Reflections on the ‘Red Book’: Easter - the inside story
Bernard Coote reflects on Quaker faith & practice 26.56
The resurrection, however literally or otherwise we interpret it, demonstrates the power of God, to bring life out of brokenness; not just to take the hurt out of brokenness but to add something to the world. It helps us to sense the usefulness, the possible meaning in our suffering, and to turn it into a gift. The resurrection affirms me with my pain and my anger at what has happened. It does not take away my pain; it still hurts. But I sense that I am being transfigured; I am being enabled to begin again to love confidently and to remake the spirit of my world.
S Jocelyn Burnell, 1989 – Quaker faith & practice 26.56.
The tomb was empty. The body had gone. A flogged, spear pierced, crucified man bursting out of his grave is a story worth telling. It gave the first witnesses a shock; they were afraid.
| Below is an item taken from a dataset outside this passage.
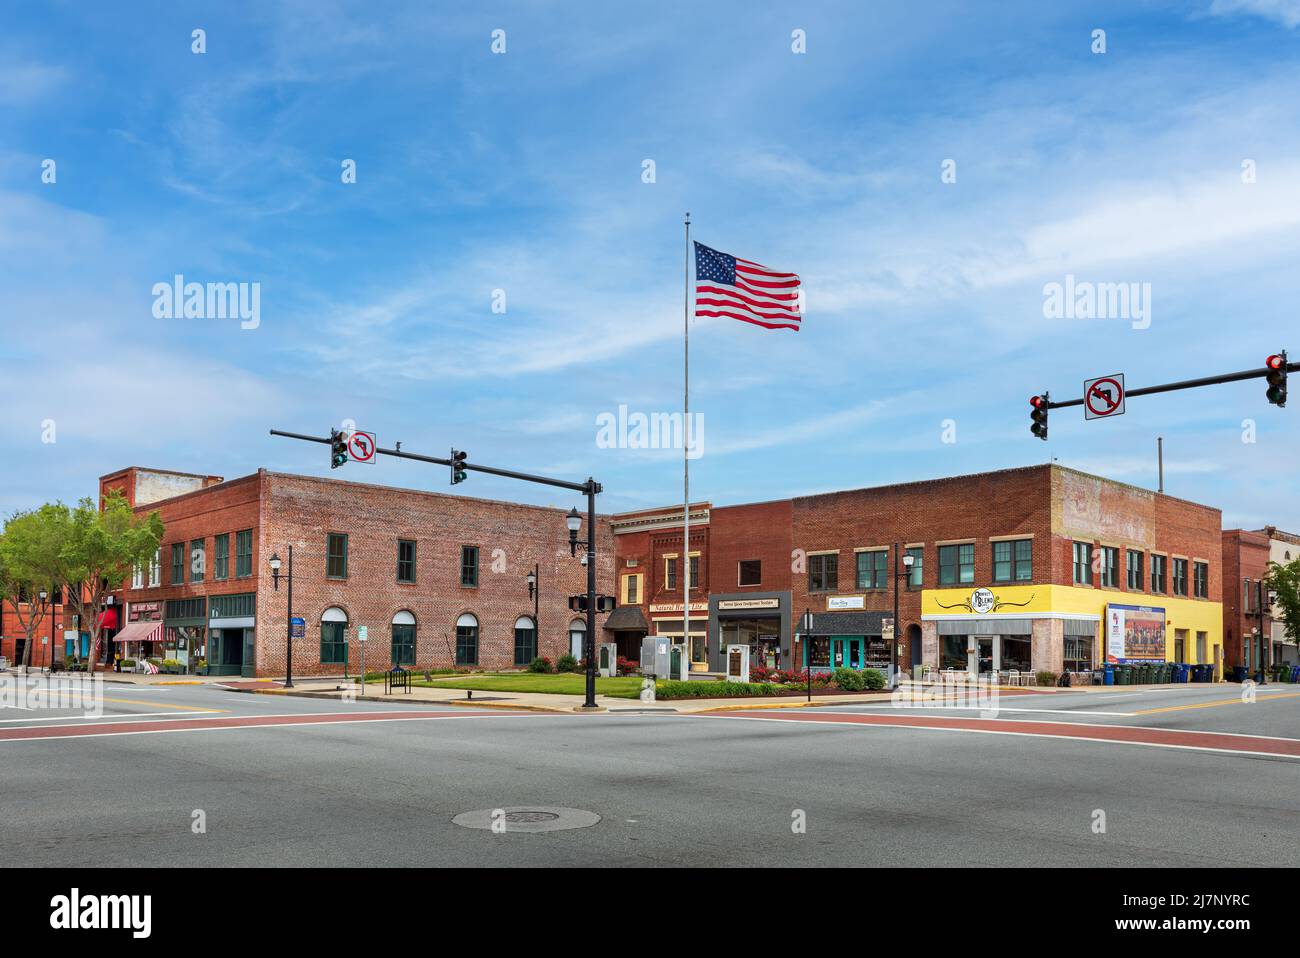 LEXINGTON, NC, USA-8 MAY 2022: Colorful wide angle view of street corner with small veterans memorial park and row of buildings on each side.  Promine Stock Photo

It has profoundly influenced 2,000 years of history and invites examination, for there is more to it than is generally assumed.
It may be thought that the four gospel accounts add up to give a complete whole. They don’t. One writer borrowed from another, Matthew from Mark. Then he added extra from other sources. Where did these other stories come from? Who was telling them and how many are there? Paul wrote to the people of Corinth of Jesus appearing to a crowd of more than 500. Who told him that? Why did others like Luke ignore it?
The records we have were written forty to eighty years after the event. The writers were not eyewitnesses. There had been earlier writings by Paul but he did not mention an empty tomb. The ‘empty tomb’ stories were not used to produce an authorised case for the resurrection for all time. After all, the writers believed that ‘history’ was soon coming to an end and Jesus would return ‘in glory’.
Early Christians mention a Gospel of Peter and that it was read in the church at Rhossos, near Antioch. In 1886 a copy was found in a monk’s grave in Upper Egypt. It seems to have been written between 150-170 AD and has some ‘extras’. ‘Peter’ writes: ‘And Pilate gave them [scribes and Pharisees] Petronius the centurion, with soldiers, to watch the sepulchre. And with them came elders and scribes to the sepulchre. And all who were there rolled thither a great stone and laid it against the entrance and put on it seven seals, pitched a tent and kept watch.’
This ‘Gospel’, once read at Christian worship, was later banned. Some thought that the words ‘taken up’, which were used of Jesus dying on the cross, suggested that he didn’t actually die! What was going on? The story within the story is important.
The men who for three years were close to Jesus tell us something surprising (John 21). A few weeks after finding the empty tomb some of them were hanging around the boats they had left to follow Jesus. They were discussing whether or not to go back fishing. Their lives seemed to have lost purpose. What had their leader prepared them for? A strange beginning for a world-transforming movement. No one knew what to do!
This is the ‘inside’ story. The resurrection story is not just a ‘happy ending’ story, or an event that puts everybody in his or her deserved place. It is far more. It is forever immediate and personal. It is about personal discovery at deep levels of experience and understanding. Jocelyn Bell Burnell has written of it so clearly.
Resurrection is a life-transforming ‘inside’ story and, forever, an historical mystery.